Cream build portfolios

February 21, 2012 | In: Investment News

It is possible to construct portfolios less risky than their benchmarks and generating higher returns.

Mineault Guy, professor of finance at retirement, which patented a tool for evaluating the performance of investment funds, explained his method on the occasion of a lecture presented to members of the Movement for Education and Advocacy shareholders (MEDAC).

Find fine funds

Using Paltrak, the counselor should require the following three characteristics of their portfolios: they decrease less often than their benchmark, that when reduced, they decrease to a lesser extent than the index and rise in least to an extent equal to the index. This way, they are assured of having a portfolio that will outperform the index.


In more technical terms, the ideal is to find funds that have only one level of risk measured by its standard deviation lower than the index, but has a greater yield. In the composition of a portfolio, we can still match funds with similar levels of risk and return lower than the index with other levels with risk and return higher than the index, since these funds will achieve the three desired characteristics of a portfolio.

In his book Better your investments succeed without suffering, Guy Mineault details the various risk indicators it uses to sort the funds based on these characteristics, including alpha, beta or Sharpe measure.

Advisors should be careful to benchmark indexes. “Sometimes, with the funds choose benchmarks super easy to beat. It’s as if I choose to take on the wrist with a 3 year old. The real test is to be measured with an adult man, “said Guy Mineault.

For equity funds, the adult man is the S & P / TSX, which is much harder to beat than the S & P 500. “For 10 years, the S & P / TSX down less often than the S & P 500. And when the stock resumes, the S & P / TSX soundly beats the S & P 500 all year, “does it mention. For income funds, he believes that the suitable index is the ML RT CAD Canadian market expanded. For portfolios, the retired professor target the S & P / TSX.

Funds with three years of experience

In order to properly assess the fund’s portfolio, they should have at least three years of experience. This is the minimum time to evaluate past performance, according to Guy Mineault. Indeed, some fund houses are changing the name of their funds when they go wrong. Other merge with the other after a while to give them a fresh start. “Usually we do this when the stock market is bullish to” hide “their poor performance when the stock market was bearish. It is intellectually dishonest, “says Guy Mineault.

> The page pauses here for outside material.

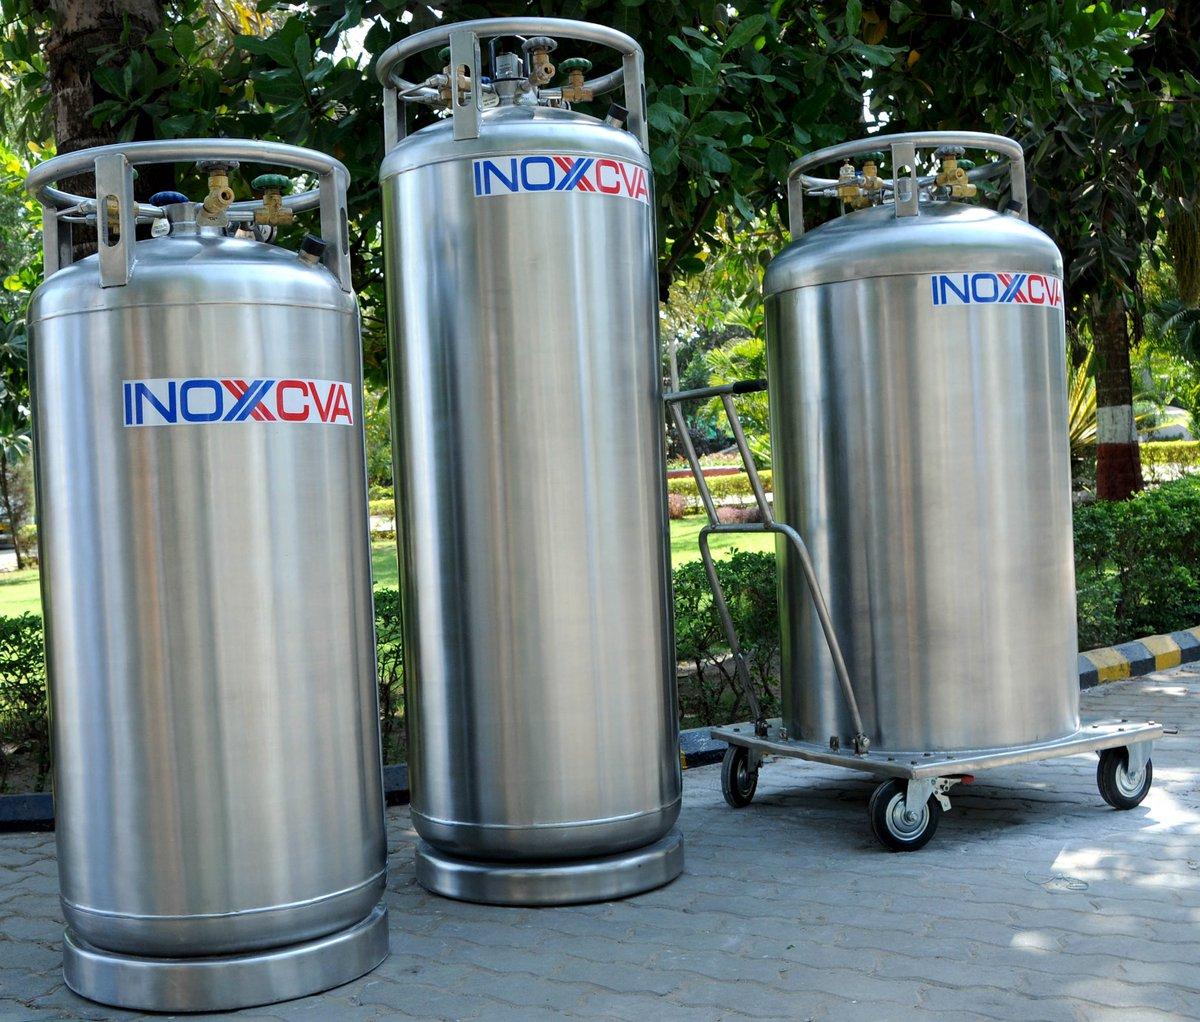 inoxcva on twitter microcyl liquid cylinders portable mini

Promote sectoral diversification

Geographic diversification is no longer reason for being, according to Guy Mineault. Today, the correlation between different countries and regions worldwide is high, which does not serve the customer, which should rather see the money in his wallet weakly correlated. The retired teacher encourages diversification by sub-sector, which is much less correlated.

It also emphasizes five major sub-sectors, which believes offer the best long-term: energy, materials, finance, technology and telecommunications and industrial companies.

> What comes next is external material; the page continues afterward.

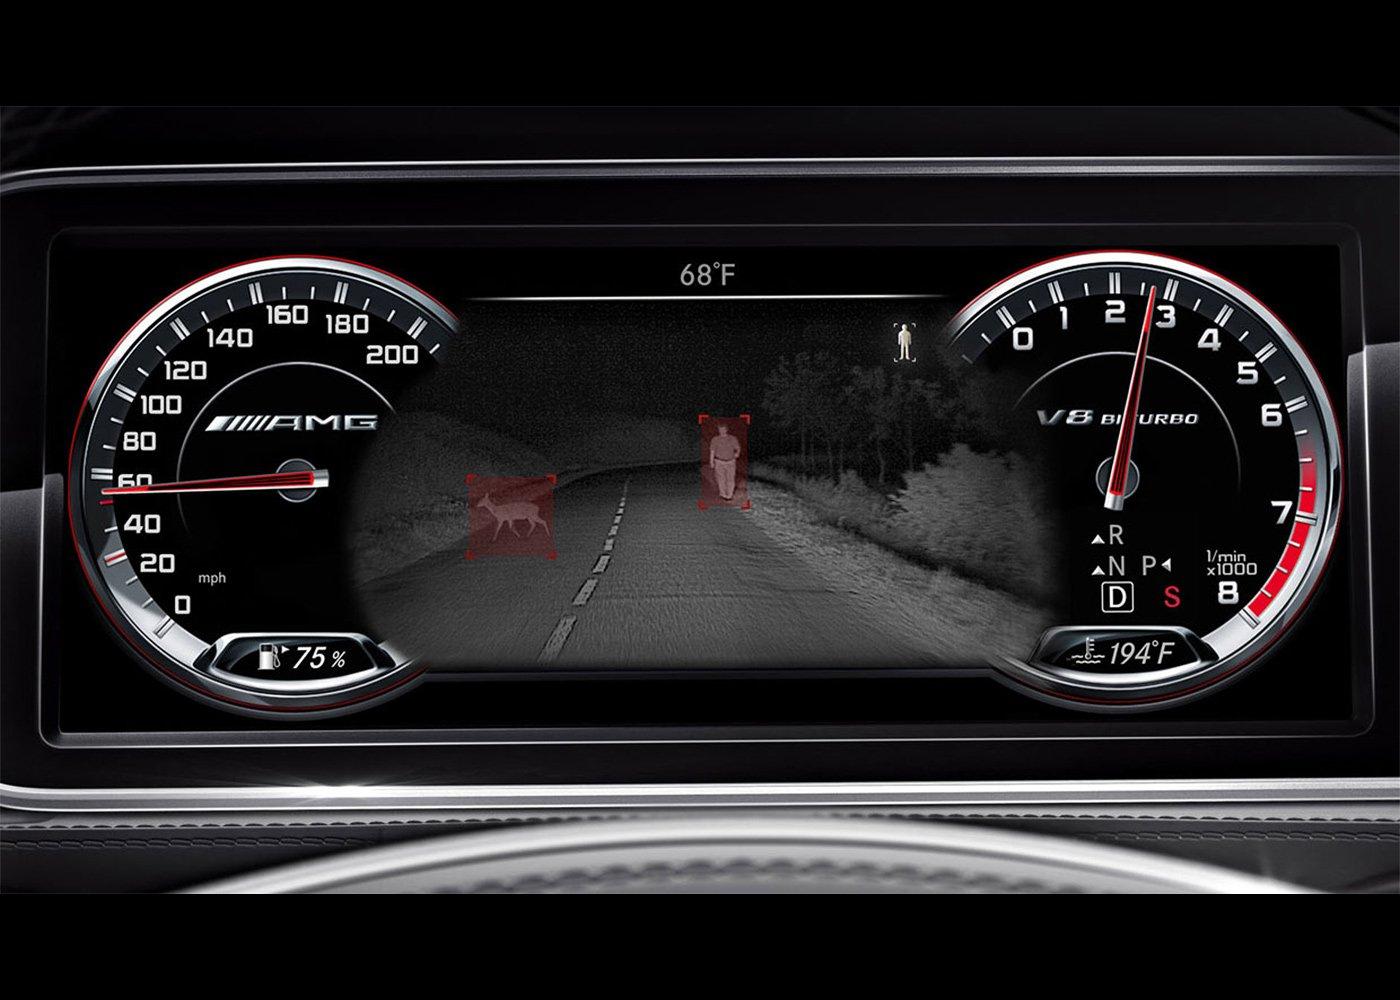 Mercedes-Benz Night View Assist

“Throw the manager in the trash”

The reputation of the fund manager does not matter in the performance of a portfolio. Although it plays an indispensable role in selecting the securities, the manager is much less important than diversification or investment rules as the rebalancing of securities.

“The portfolio manager, I throw in the trash,” he stated during the conference. “According to at least two serious studies, how the funds are combined in a portfolio of funds account for at least 90% of portfolio performance and the choice of securities in a fund for only about 8%,” we learn in his book.

Made to undergo stress testing the portfolio

After designing a portfolio for a client, Guy Mineault recommend it to undergo three stress tests (stress test), that is to say by checking their behavior during many periods of market turbulence. If the portfolio has an acceptable performance during two periods in which the S & P / TSX is treading water, or from August 2000 to July 2005 and May 2008 to January 2011, and during the last steep ascent rates of Interest (May 2004-May 2006) it “passes the test.”